Convert LM393 based sound detection circuit to detect small sine pulse

Thread Starter

Alan Bates

Joined Nov 18, 2015
12
Hi - trying to hack together a circuit to take a small amplitude sine pulse signal (moving magnet passing static coil) of around 200Hz, and output a digital high low to an arduino. the signal will be used to calculate frequency.

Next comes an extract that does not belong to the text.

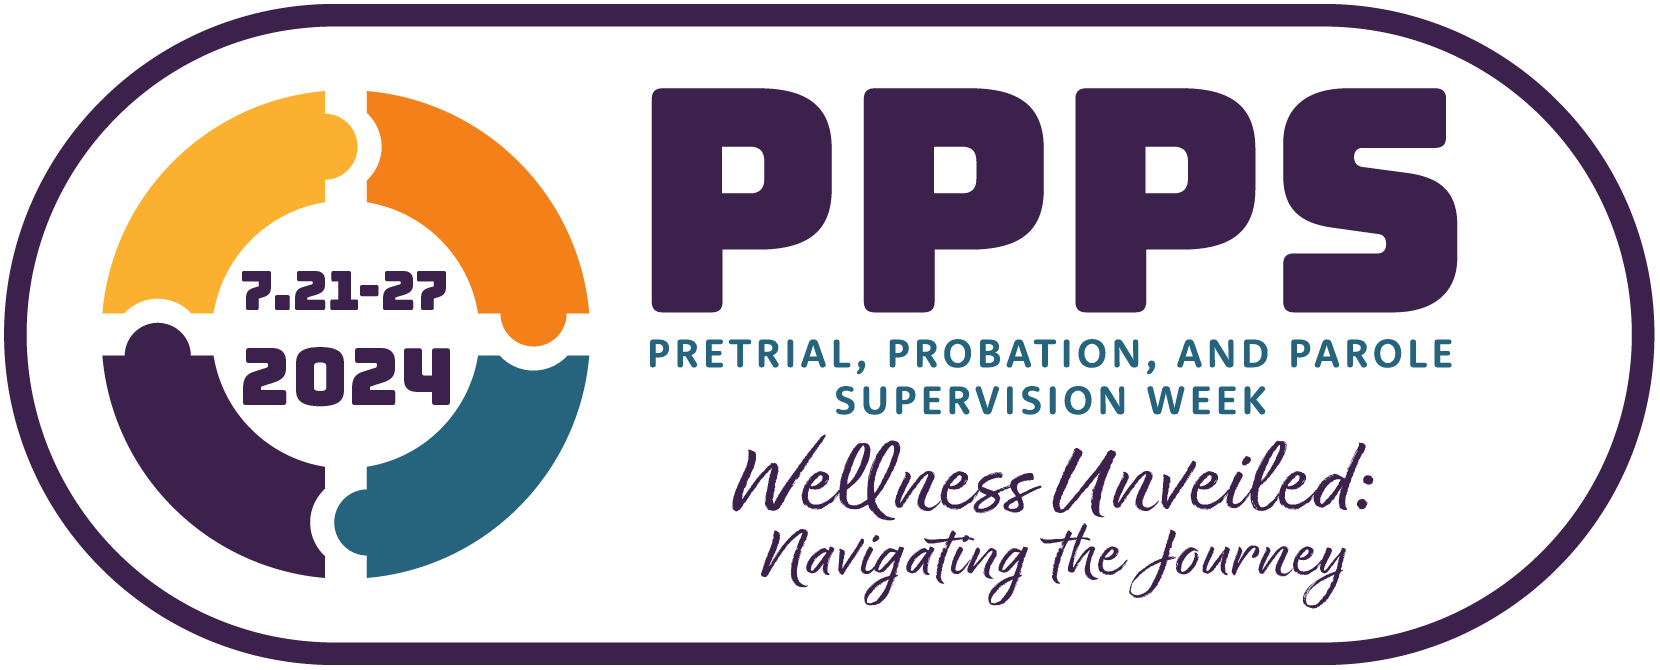 PPPS Week - July 21-27, 2024
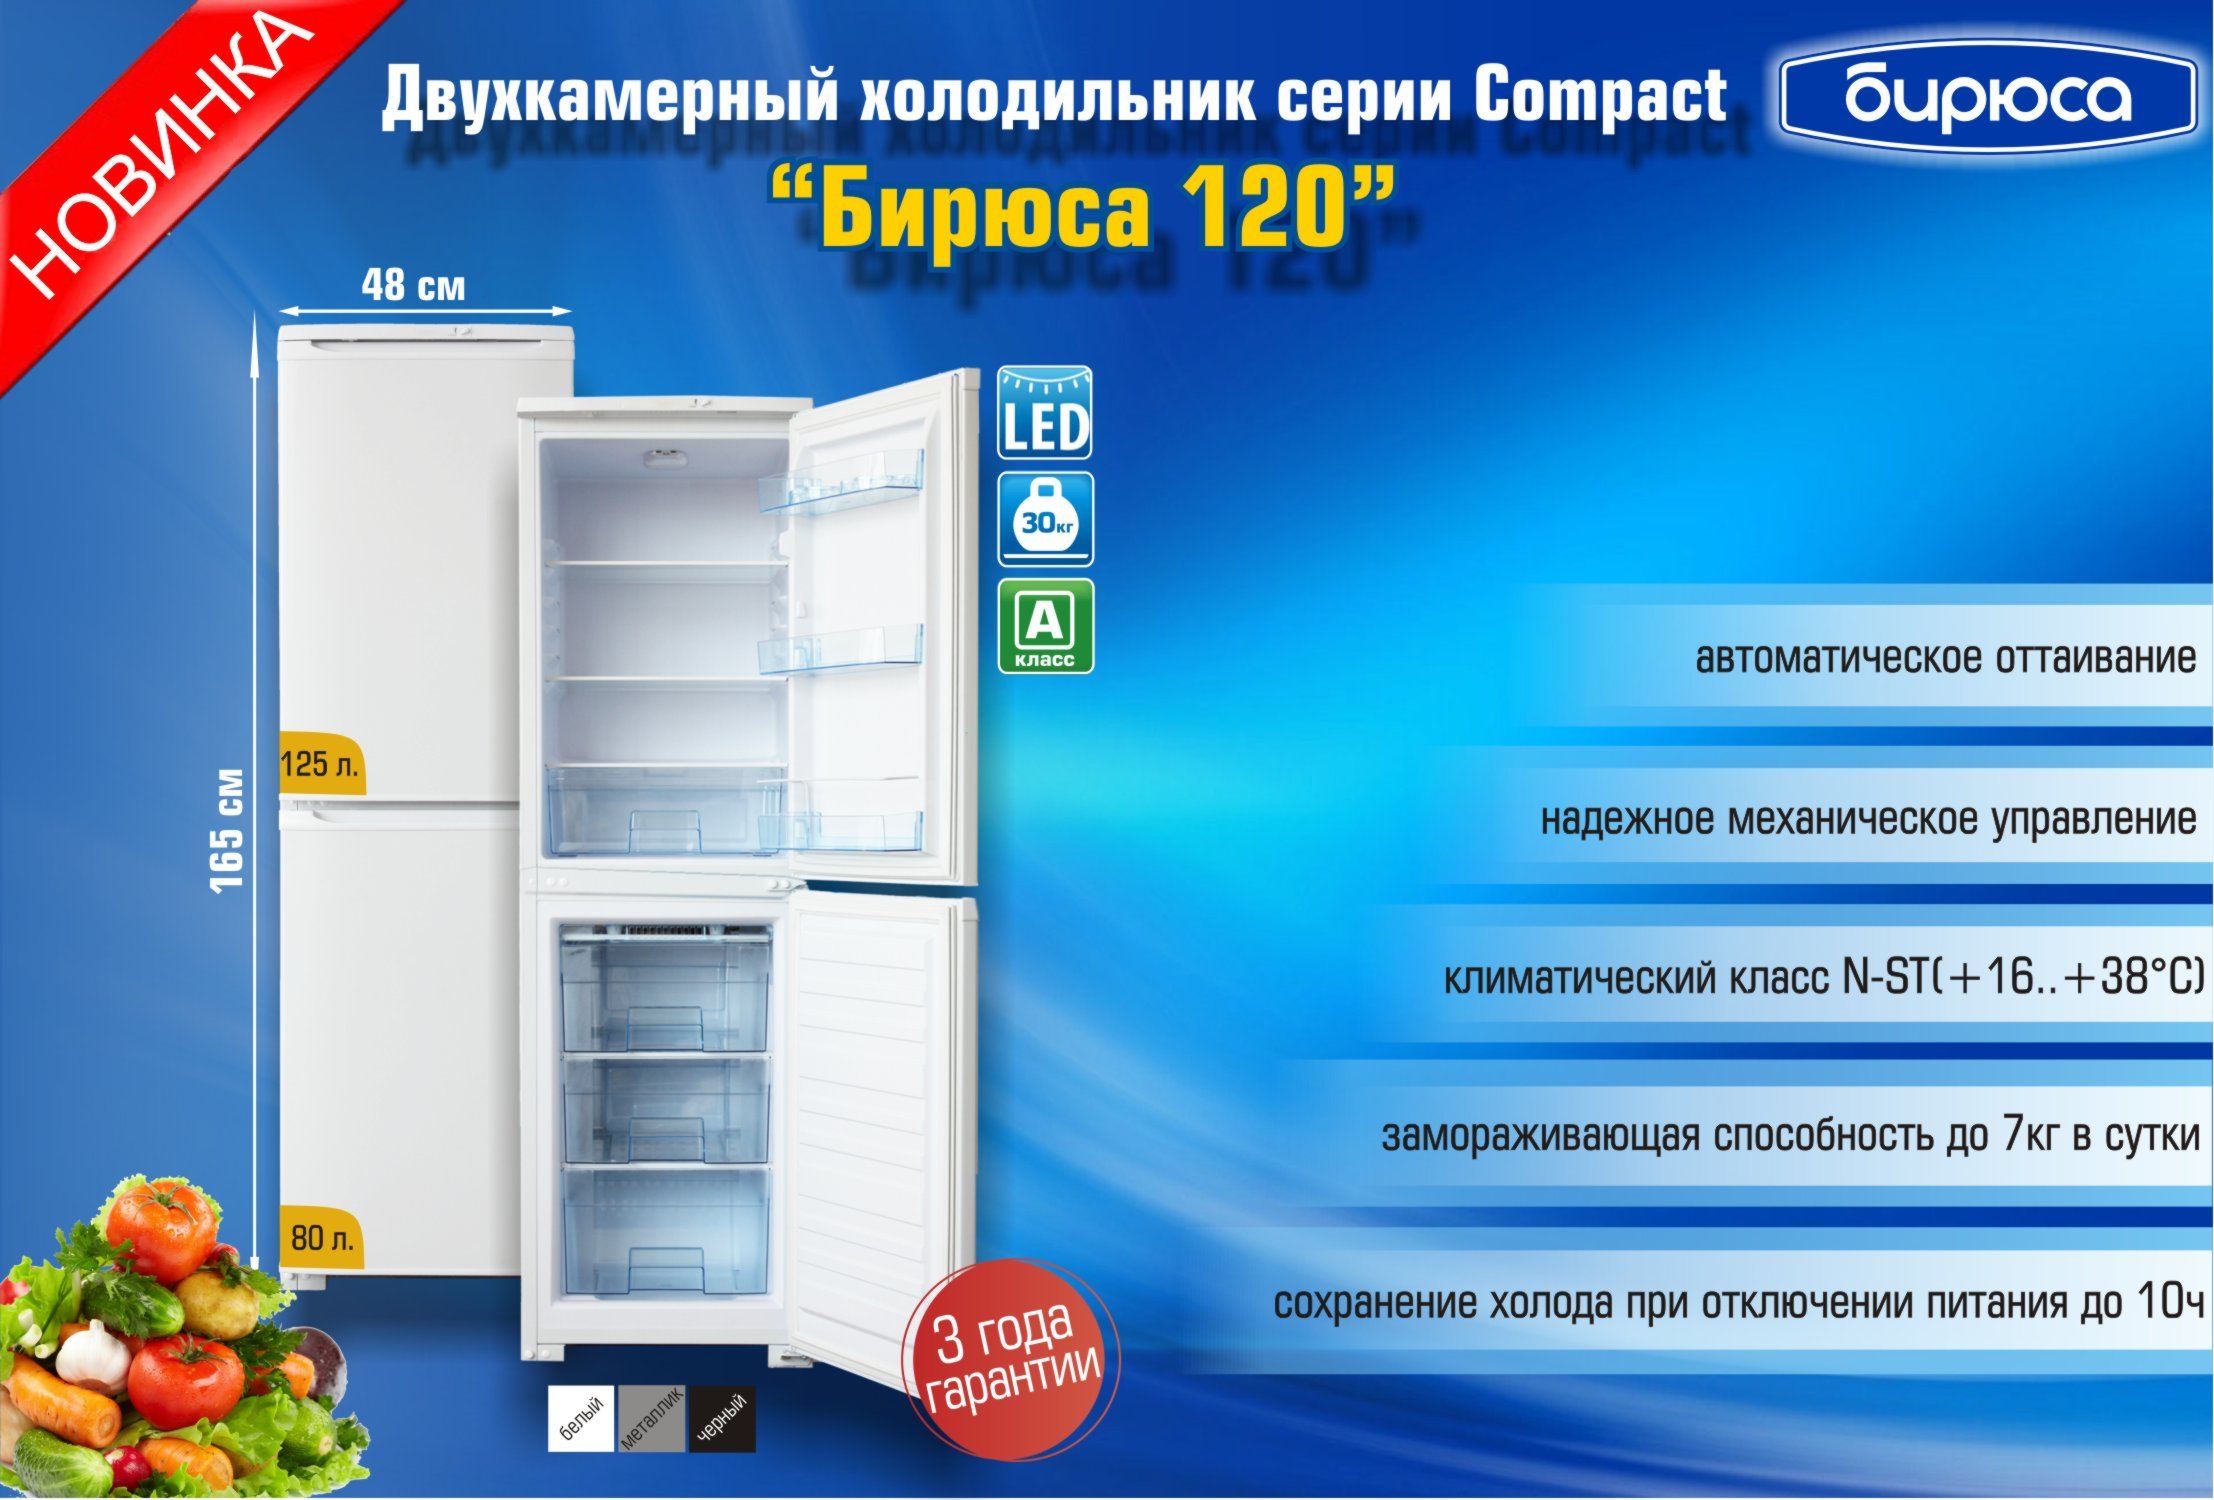 Выбираем и сравниваем холодильник индезит и атлант: главные отличия и особенности, плюсы и минусы моделей, советы покупателям

I know there are a few example diagrams out there for using LM393 as a comparator, so i thought as a test I could get hold of a 393 based sound detection module that uses an electret microphone. i'm thinking i should be able to replace the microphone signal with my input and save myself some breadboarding, but what do you think? Am i way off track? I'm assuming the microphone will be active and therefore i can't just wire the input to the terminals of the mic, but i was hoping there must be somewhere in the circuit i can insert my signal to get the desired result.

Feel free to tell me if I'm in lala land - I can trace circuits and hack components together but my electrical engineering level is pretty low as you may have guessed. Cheers!
 

Roderick Young

Joined Feb 22, 2015
408
schemeit-project (1).png
Perhaps something like the above? The only reason for R3 is because the LM393 has an open collector output. If you use a different op-amp, you may not need it. You'll have to play around with R1 and R2 values, but offhand, I'd make them both 10k ohms for an 8 ohm voice coil as L1.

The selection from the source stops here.